Le 6 novembre 1837, les deux groupes se rencontrent enfin face à face. Ce jour-là, les Fils de la Liberté tiennent une assemblée publique à Montréal. Elle doit à l’origine avoir lieu à la place d’Armes. Toutefois, le Doric Club n’est pas d’accord. Le matin du 6 novembre, ses membres placardent la ville d’affiches enjoignant aux citoyens de se rencontrer à la place d’Armes afin de mettre un terme à la « rébellion ». Pressentant une confrontation, des magistrats avaient fait paraître une proclamation plusieurs jours auparavant interdisant toute manifestation publique. Louis-Joseph Papineau lui-même demande aux Fils de la Liberté de laisser tomber leur assemblée. Bien que ces derniers renoncent finalement à leur assemblée publique, ils tiennent un conseil sur une propriété privée. André Ouimet et Edward Bailey O’Callaghan, entre autres, prononcent des discours à cette occasion. Après la rencontre, des membres du Doric Club confrontent les Fils de la Liberté et vont jusqu’à vandaliser les demeures de patriotes influents, tels que T. S. Brown, Joshua Bell et Robert Nelson, ainsi que les bureaux du Vindicator,un journal de langue anglaise qui appuie les patriotes. André Ouimet est blessé au genou pendant la confrontation. La demeure de Louis-Joseph Papineau est également prise pour cible, mais des soldats empêchent finalement les membres du Doric Club de l’endommager.
Après cette confrontation, plusieurs membres sont forcés de trouver refuge à la campagne. La Société se dissout peu de temps après.
Rébellion
L’affrontement violent entre les Fils de la Liberté et le Doric Club donne aux autorités coloniales un prétexte parfait pour lancer des mandats d’arrestation contre des membres importants du Parti patriote, ce qui mène éventuellement à la rébellion, à laquelle participent d’ailleurs plusieurs membres et meneurs des Fils de la Liberté.

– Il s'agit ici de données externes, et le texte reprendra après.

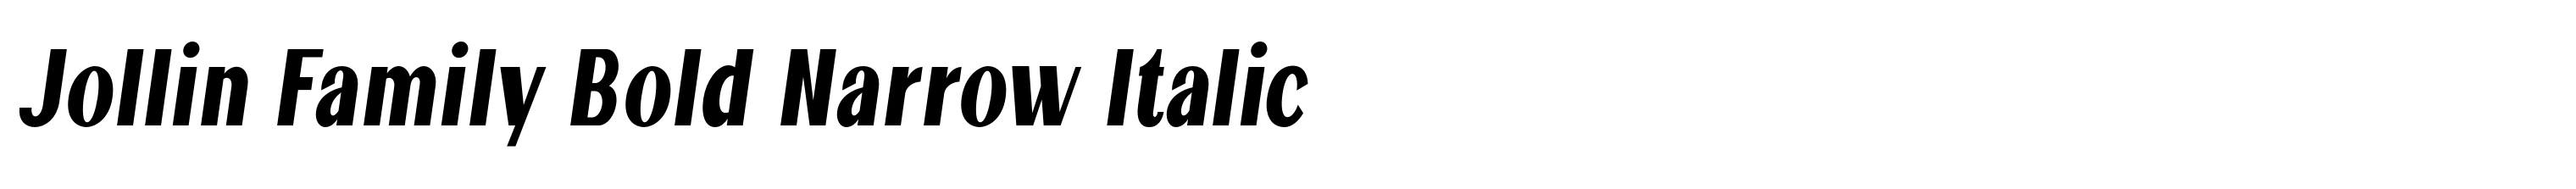 Jollin Family Bold Narrow Italic

Par exemple, tandis qu’André-Benjamin Papineau prend part à la bataille de Saint-Eustache et Thomas Storrow Brown à la bataille de Saint-Charles, Edward Bailey O’Callaghan incite le peuple de la colonie à la révolte. Malgré son exil aux États-Unis, il continuera pendant des mois de promouvoir la cause des patriotes, cherchant même activement du soutien parmi les Américains (voir Jeune République américaine et rébellions canadiennes de 1837- 1838).